Clearly, the goal is the assembly of a bunch of smart, sane, energetic and appropriately ambitious professionals.
But what does smart mean?
Figure 1 (at the bottom of this column) presents at least three kinds of knowledge which, of course, need to be integrated.
Generic, structured knowledge includes facts, concepts, principles and formulae that describe what things are and how they work. Finance is a good generic, structured field. Computer Science is another one. College students major in these fields.
Industry-specific knowledge comes from different sources. A little comes from colleges and universities, but most of it comes from on-the-job experience, training and industry certifications.
Company-specific knowledge comes from time spent in the trenches of your particular corporate domain. We often place great value in institutional memory, but be careful about how easily distorted such memory becomes. People with political agendas are terrific at re-writing history to match their current vested interests.
When we talk about “smart,” we’re talking about depth in the three knowledge classes as well as the ability to integrate them into insights, inferences and decision-making. But while “intelligence” is fed by integrated knowledge combined with raw intellectual horsepower, energy and ambition are measured independently. Have you ever tried to measure them?
Some of your people are really smart and some are not. Some work at understanding existing and emerging business technology trends, and some don’t. Some even work at increasing their natural energy levels, but most don’t.
Some want your job; some are clueless. Some are evil; some are sweet. Some got where they are mysteriously; some really earned it. Who are the “keepers”?
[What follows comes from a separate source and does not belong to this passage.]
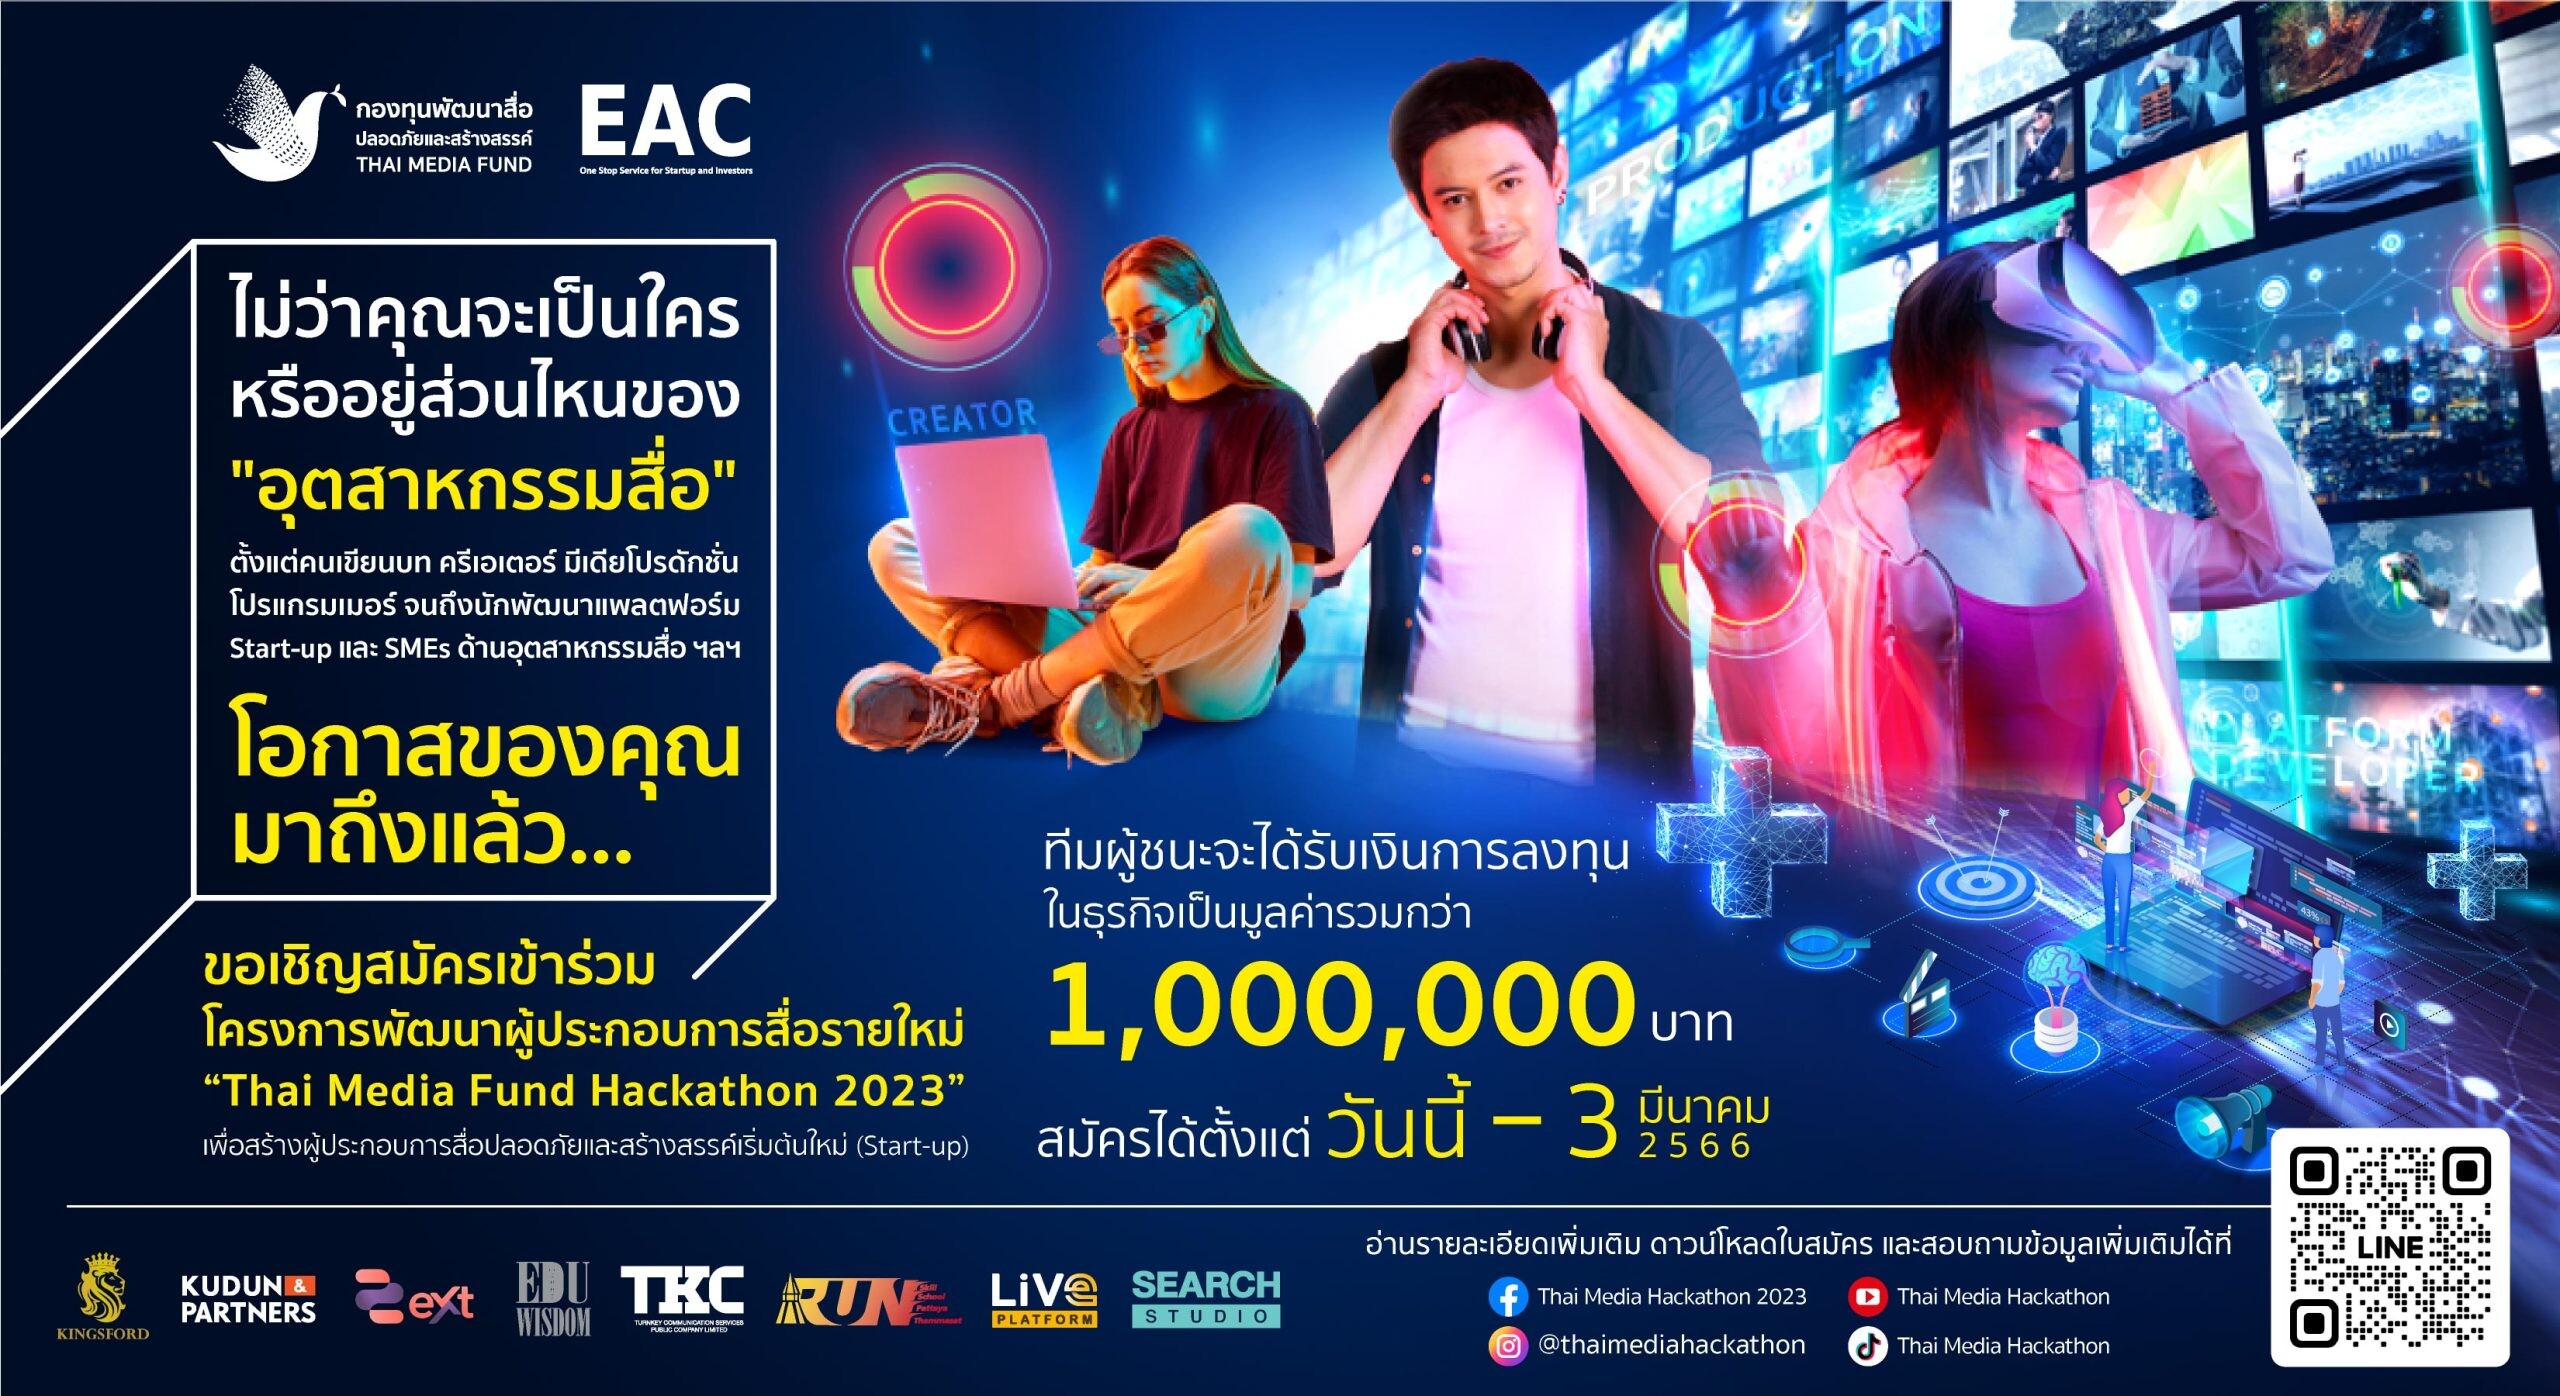 เปิดตัว "Thai Media Fund Hackathon 2023" โครงการพัฒนาผู้ประกอบการสื่อรายใหม่ที่มีแนวคิดผลิตสื่อปลอดภัยและสร้างสรรค์

If you’re in charge, you need a large bag of tricks — and the will to frequently reach into it for just the right one. There’s not too much you can do about raw horsepower — we’re born with the basics — but there’s a lot you can do about the availability and insertion of knowledge, especially industry and firm specific knowledge.
What about the “jerk factor”?
If you’re new to an organization — as I’ve been several times in my career — after a week or so of “observation” you begin to make mental lists. One of them is a list of the people who are so far over the top that you find yourself slipping into a state of buyer’s remorse, wondering how you could have been so stupid to accept the new position.
People, of course, fall into all sorts of categories. Some are hopelessly rude and arrogant. What do we do about these people (that have buddies just like them all over the place)? What do we do about people that disrupt and undermine? People that complain all of the time? People that have nothing to offer but bitterness, anger and jealousy?
People can be smart, ambitious and energetic, but arrogant and caustic. Who do you want on your staff? To whom do you entrust major business technology initiatives? How do you make the trade-offs?
If you have lots of smart people with no energy or ambition, you have a problem. But it’s actually more dangerous if you have dumb people with tons of energy and ambition. The military has known for centuries that officers can be smart and arrogant, but never arrogant and stupid.
When companies are making lots of money, people (and companies) suffer fools amazingly well, but when times get tough, tempers and patience grow short. When times are good, you should find what the jerks do best and isolate them accordingly; when times get tough, you should prune them from your organization. Ask your high performers who they avoid and why they avoid these people. A consensus of opinion usually represents reality.
Use Figure 1 as a scorecard. Grab a handful of darts (with specific names on them) and start firing at the cube on the right. How’s the team look? Do they live in the green (or are they stuck in the red)?
Steve Andriole is the Thomas G. Labrecque Professor of Business at Villanova University where he conducts applied research in business/technology convergence. He is also the founder and CTO of TechVestCo, a new-economy consortium that focuses on optimizing investments in information technology. He can be reached at stephen.andriole@villanova.edu.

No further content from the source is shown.